Swiss Federal Council's vision for strengthening rail freight in the Alps

Swiss Federal Council's vision for strengthening rail freight in the Alps
© hpgruesen on Pixabay

The proposals, adopted during the Council's recent meeting, focus on adjusting the heavy vehicle charge (HVC) and increasing financial support for rail transport on shorter routes.

The Swiss Federal Council unveiled plans to fortify rail freight transport through the Alps by amending the performance-related heavy vehicle fee (HVF) to reflect inflation rates from January 1, 2025. This strategic move is aimed at stimulating rail freight transport while laying the foundations for increased financial support for rail transport on routes shorter than 600 kilometers. These proposals form part of the new modal shift report, adopted during the Council's meeting on November 29, 2023.

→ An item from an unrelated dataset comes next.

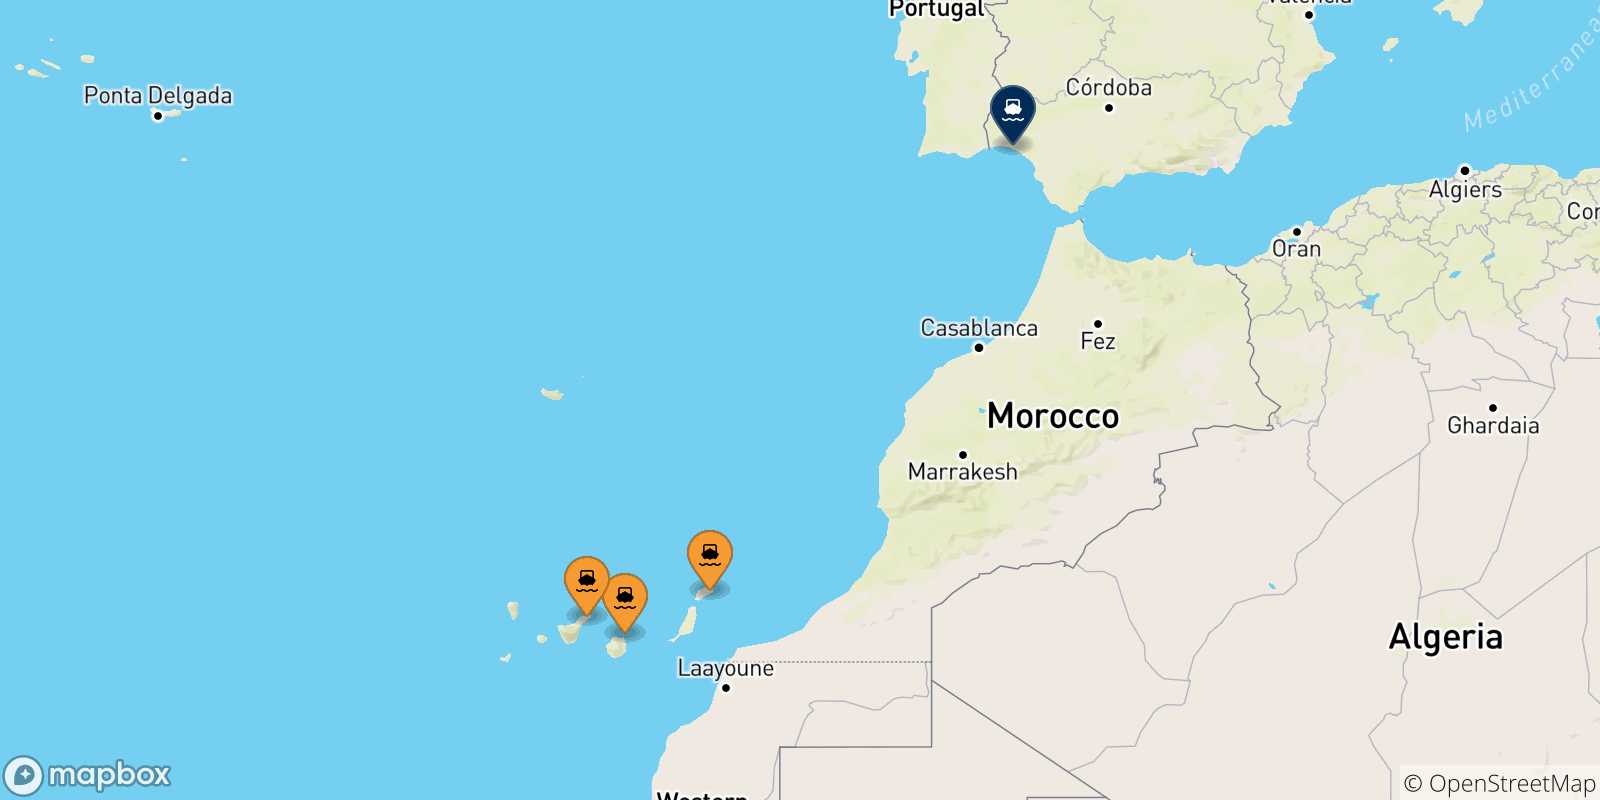 Mappa delle possibili rotte tra la Spagna e Huelva

The completion of the New Rail Link through the Alps (NRLA) and other measures implemented have had a positive impact on the modal shift of freight transport. In the first half of 2023, rail reached a market share of 72.7%, while at the same time, the number of truck journeys remained well below 1 million, despite a significant increase in overall traffic. However, factors such as Europe's challenging economic climate, numerous construction sites on the rail network, and widespread train delays are currently hampering the modal shift. The legal target of limiting lorry journeys to 650,000 per year remains unmet.

The Federal Council is proposing several key measures to strengthen the modal shift:

  • Adjustment of the HVF: In response to inflation, HVF tariffs will witness a 5% increase from January 1, 2025. Additionally, the Council is drafting a proposal to evolve the HVF system, addressing the integration of electrically powered vehicles.
  • Enhanced promotion for shorter routes: A recent external analysis indicates that additional support for routes spanning up to 600 kilometers could steer more transport towards rail services. This initiative would require a redistribution of funding by reducing compensation for long-distance services over the next years.
  • Additional measures: The Rolling Highway will continue to operate until 2028, as requested by parliament. In addition, the Federal Council will not increase the traction current price for freight transport as originally planned at the beginning of 2024 but will keep it at 12 centimes per kilowatt hour.